* **ASSIGNMENT**: If pictures appear in the lines below, skip them and copy exactly the lines from the one containing "Shop Brunello Cucinelli" through the one containing "VMAs 2015: All the drama in 90 seconds", and nothing else.

* **DATA FOR THIS TASK**:
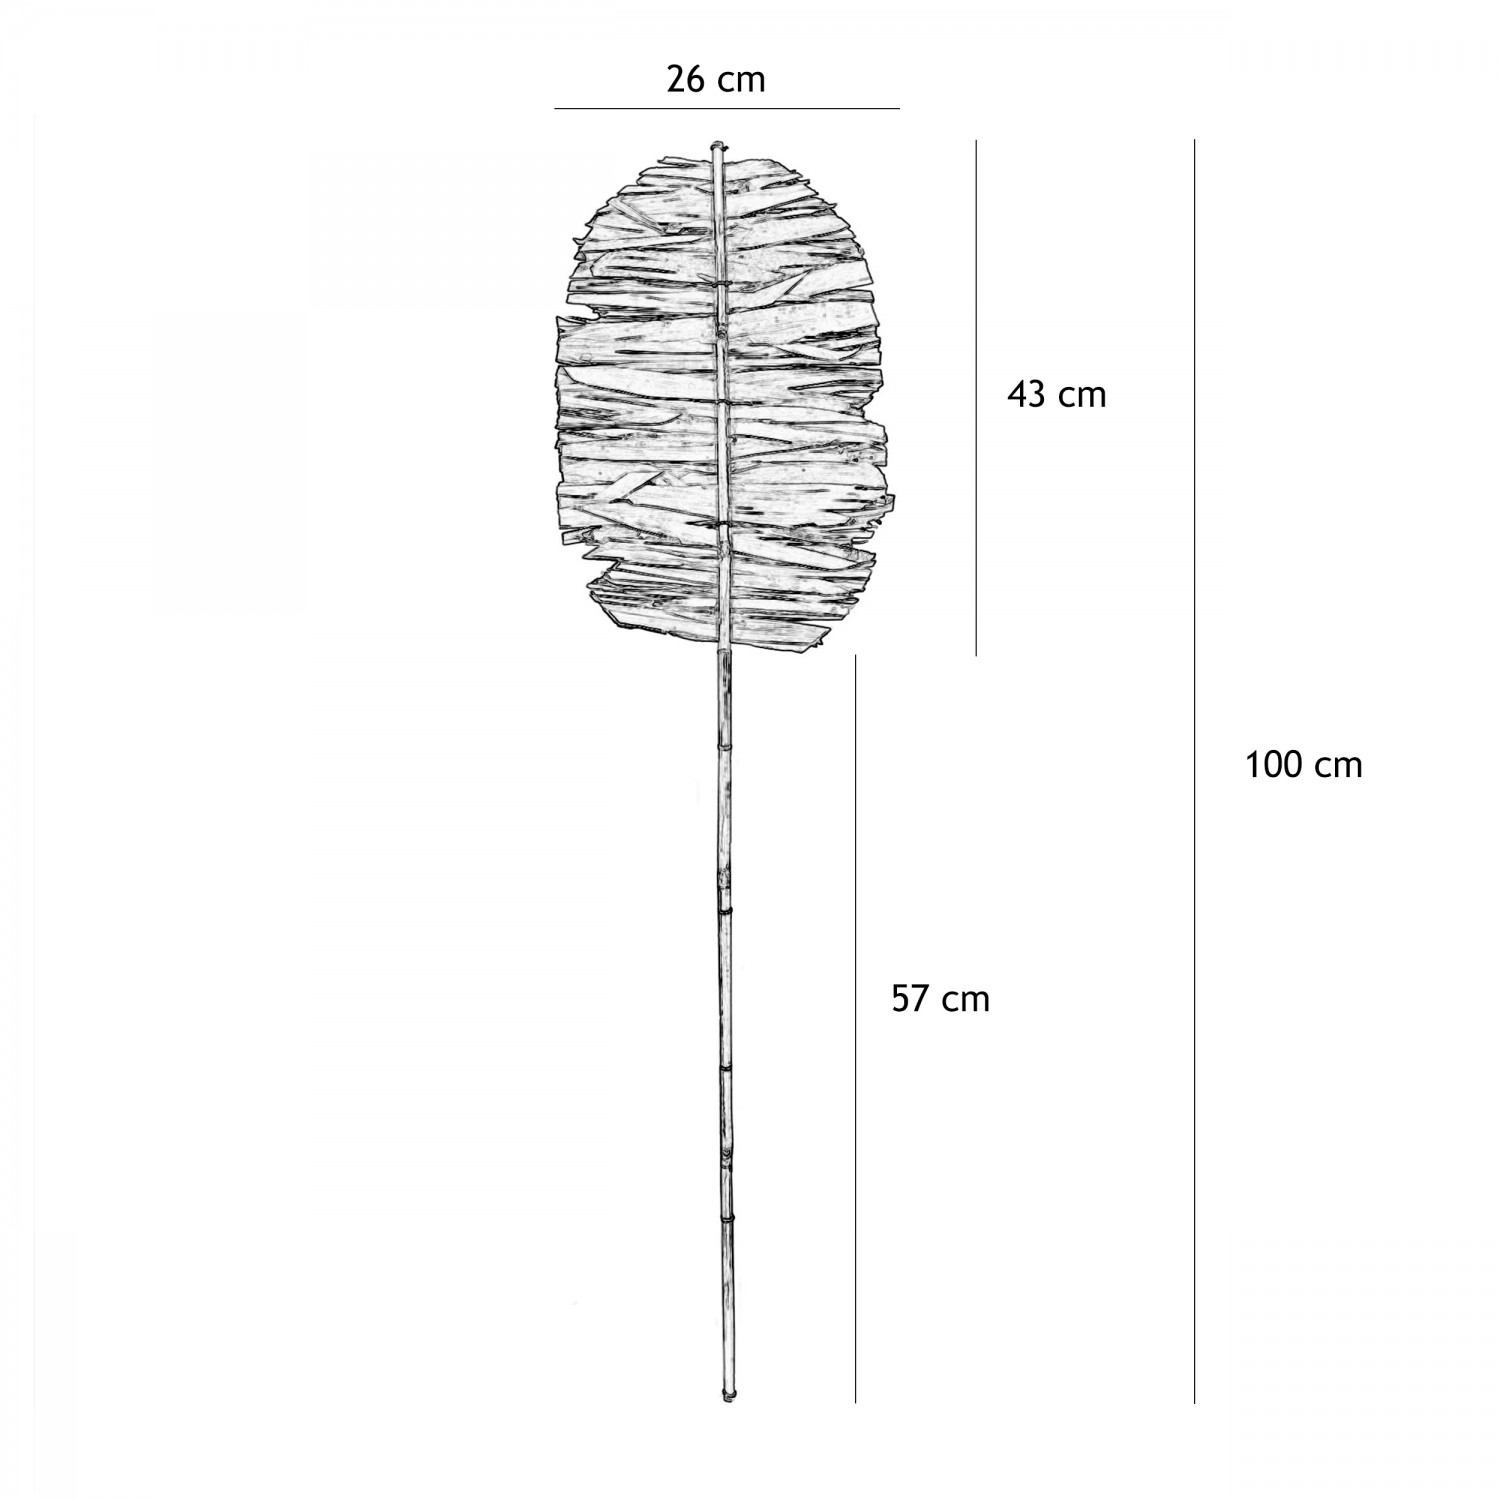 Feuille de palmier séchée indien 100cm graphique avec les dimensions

...

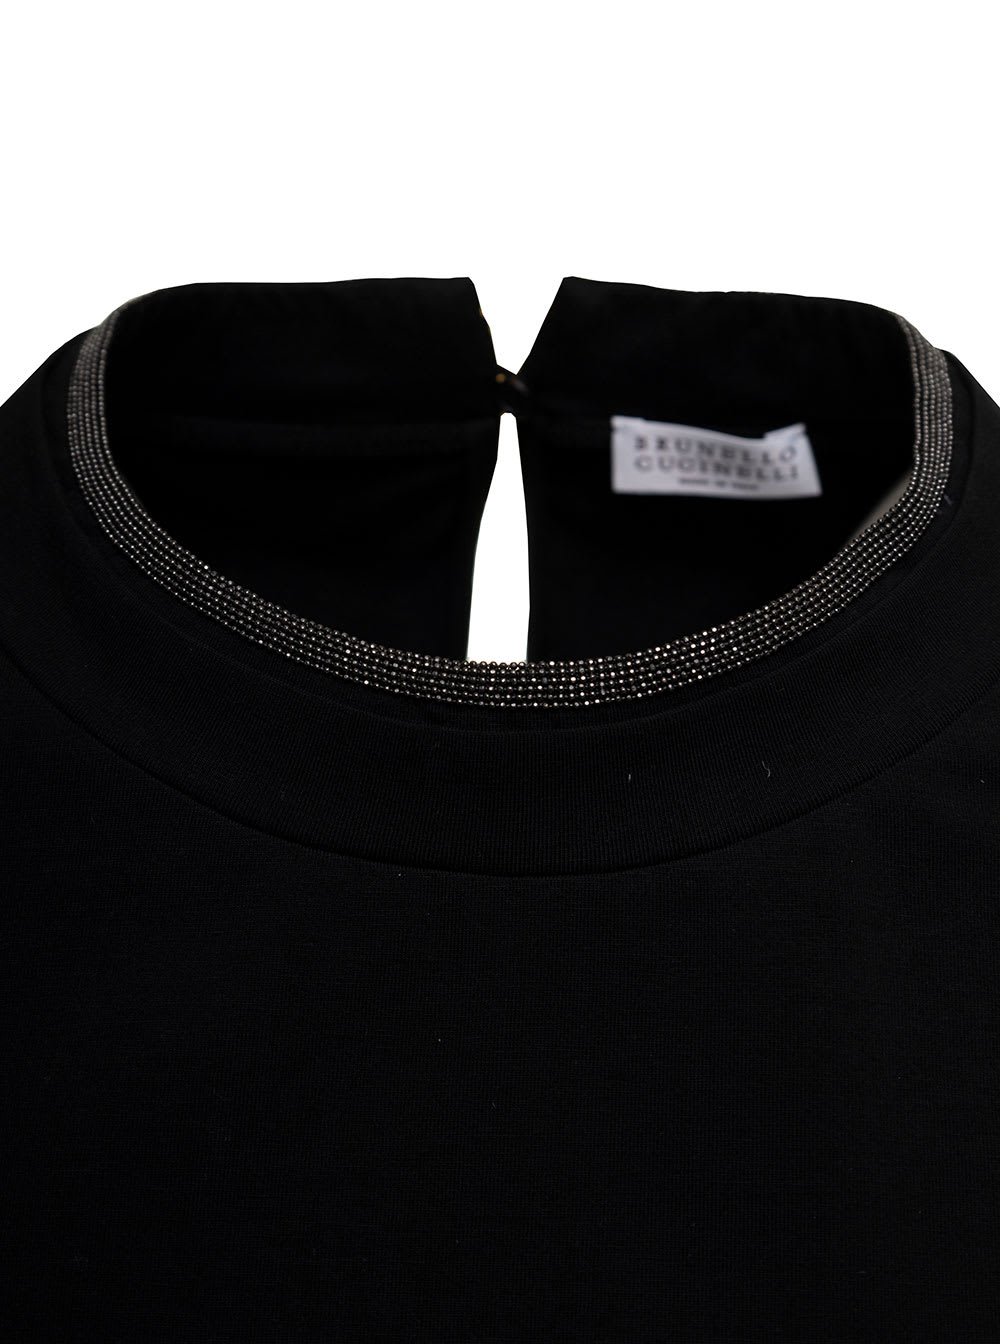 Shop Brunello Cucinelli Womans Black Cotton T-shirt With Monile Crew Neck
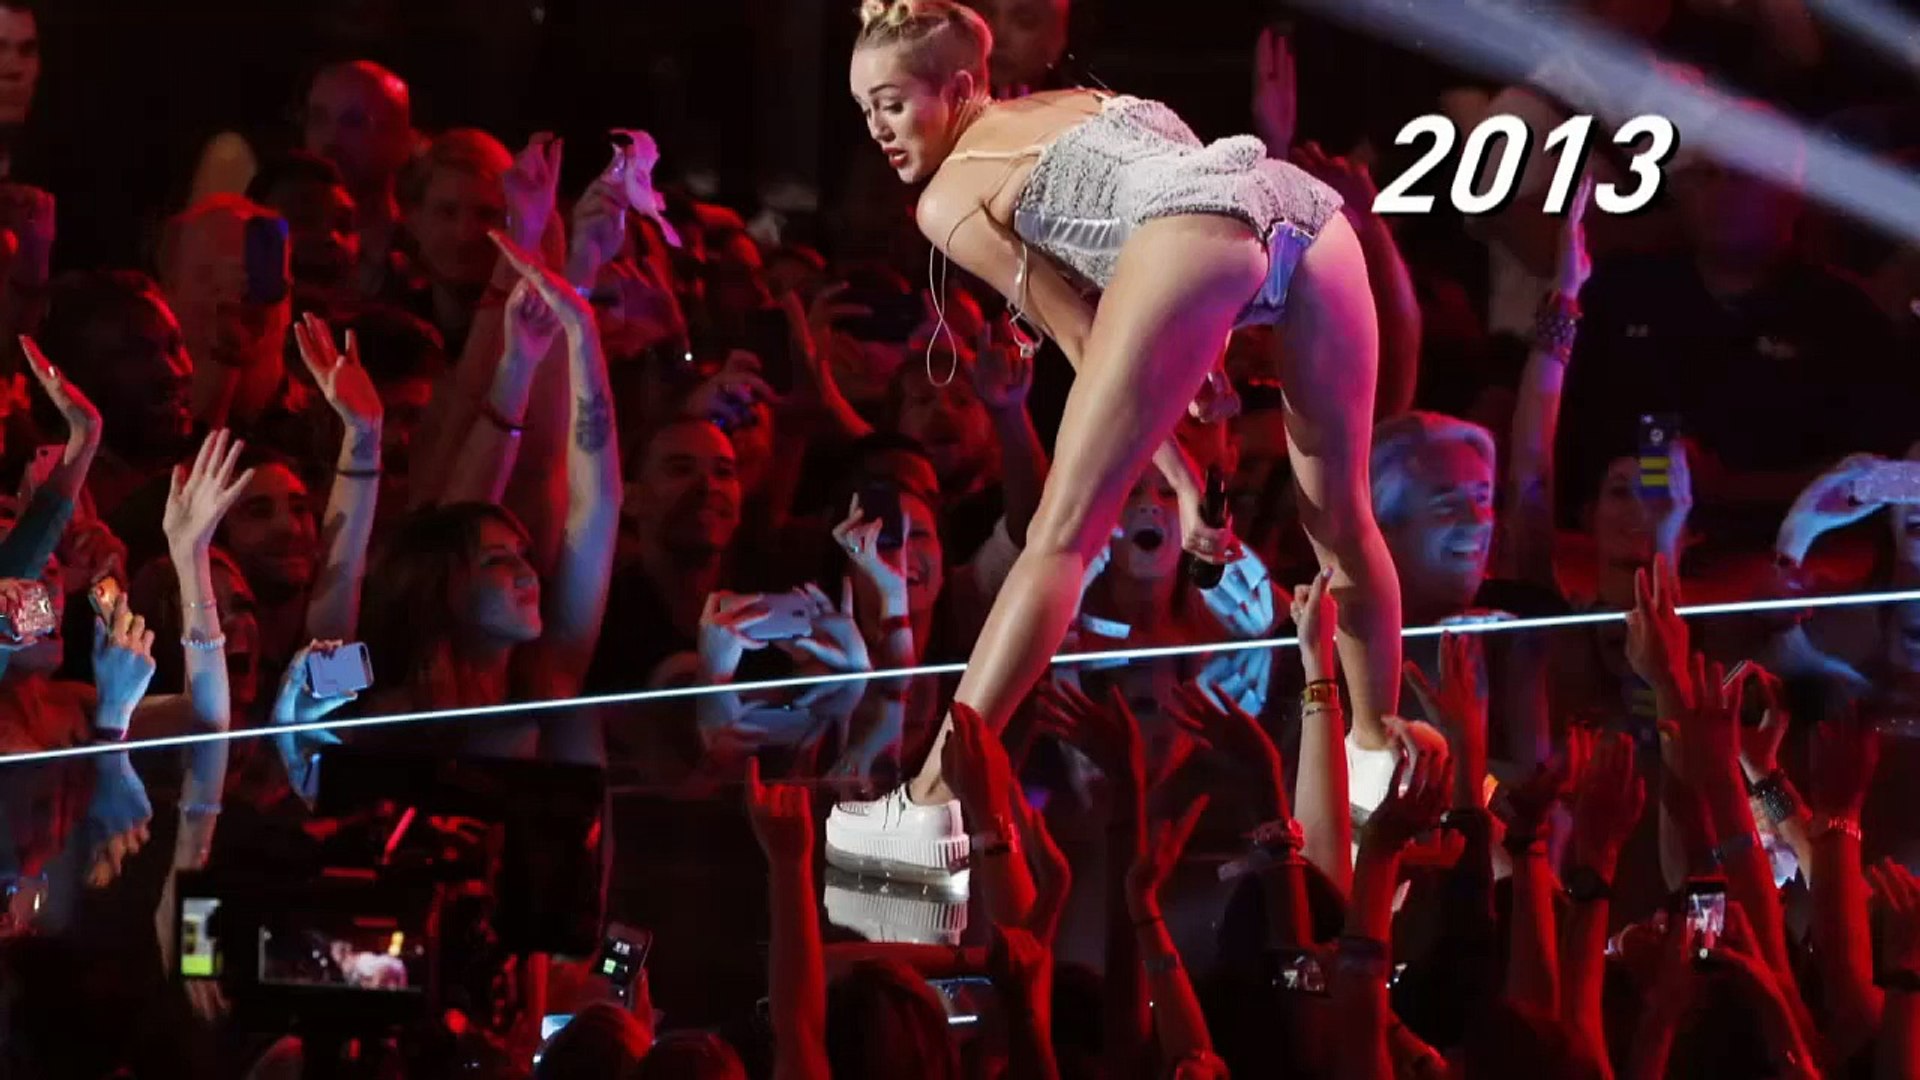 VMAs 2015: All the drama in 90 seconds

--

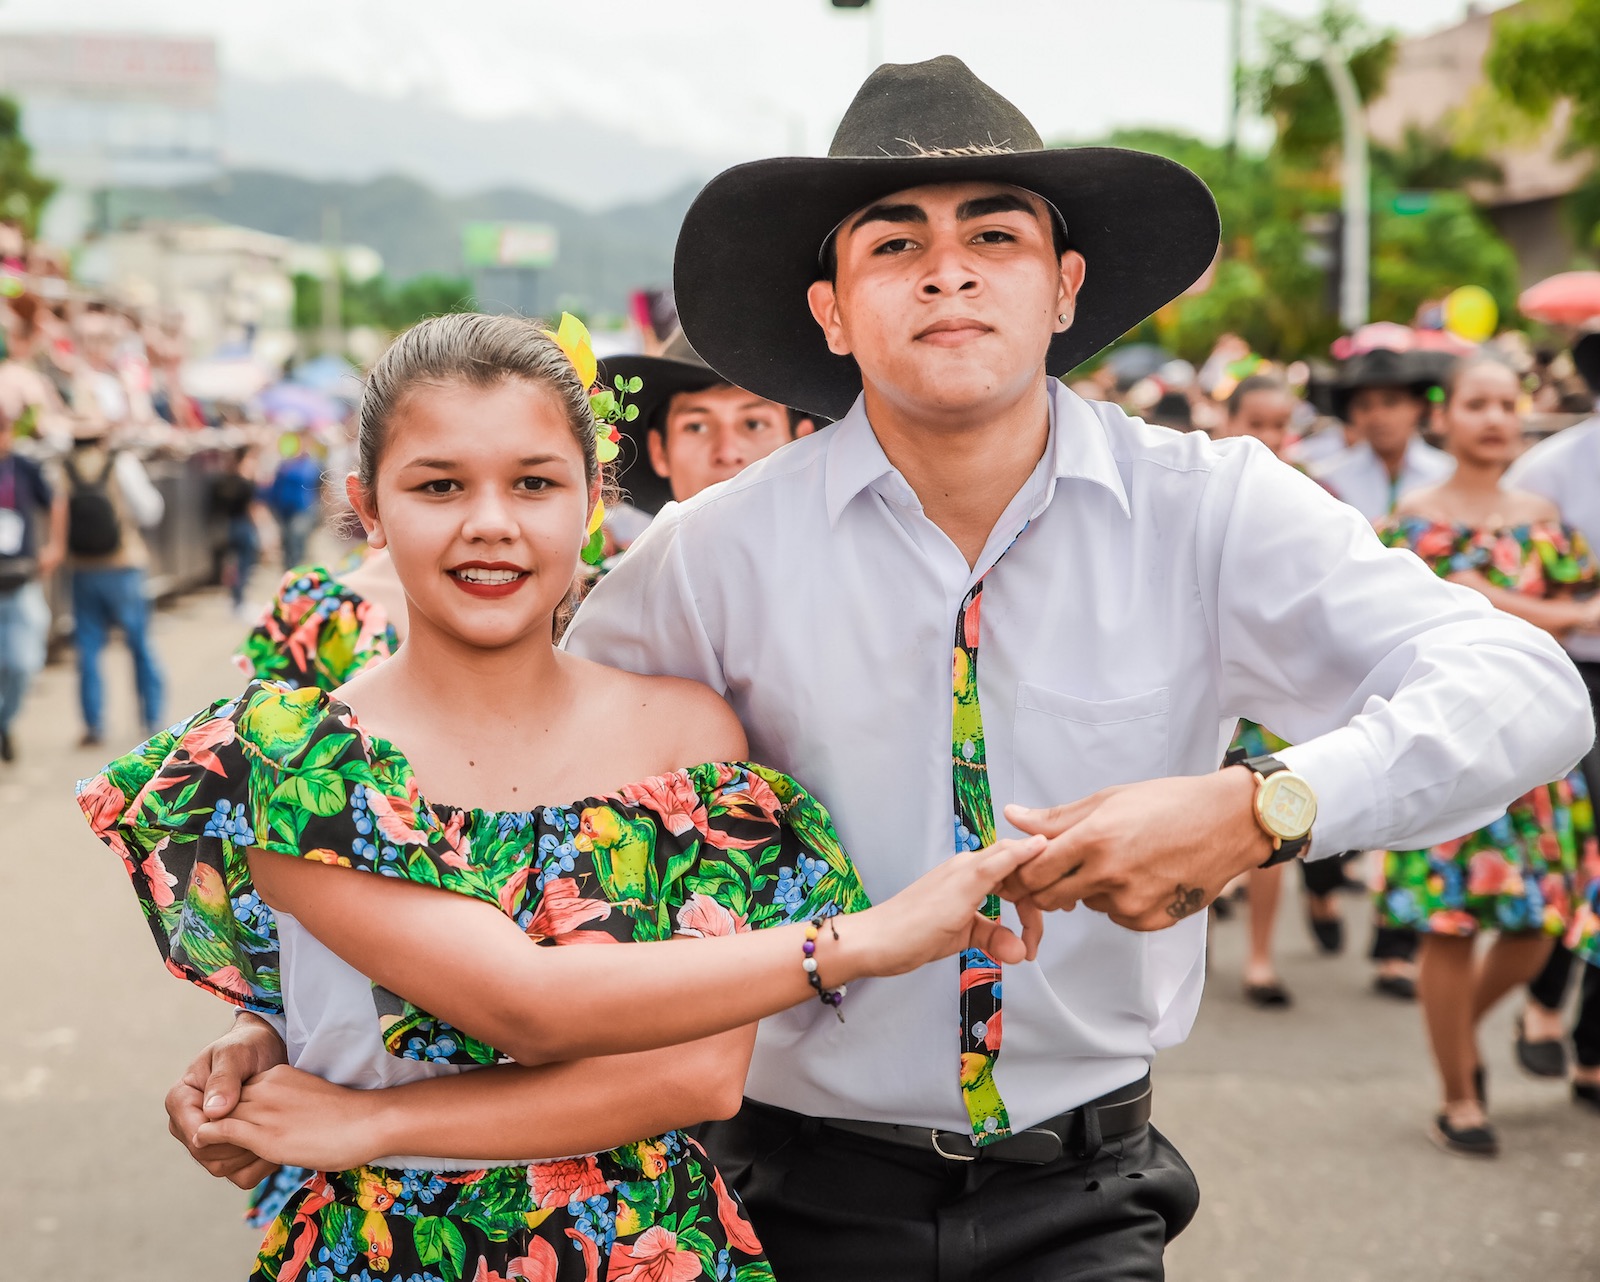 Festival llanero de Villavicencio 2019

* **YOUR RESPONSE**:
 Shop Brunello Cucinelli Womans Black Cotton T-shirt With Monile Crew Neck
 VMAs 2015: All the drama in 90 seconds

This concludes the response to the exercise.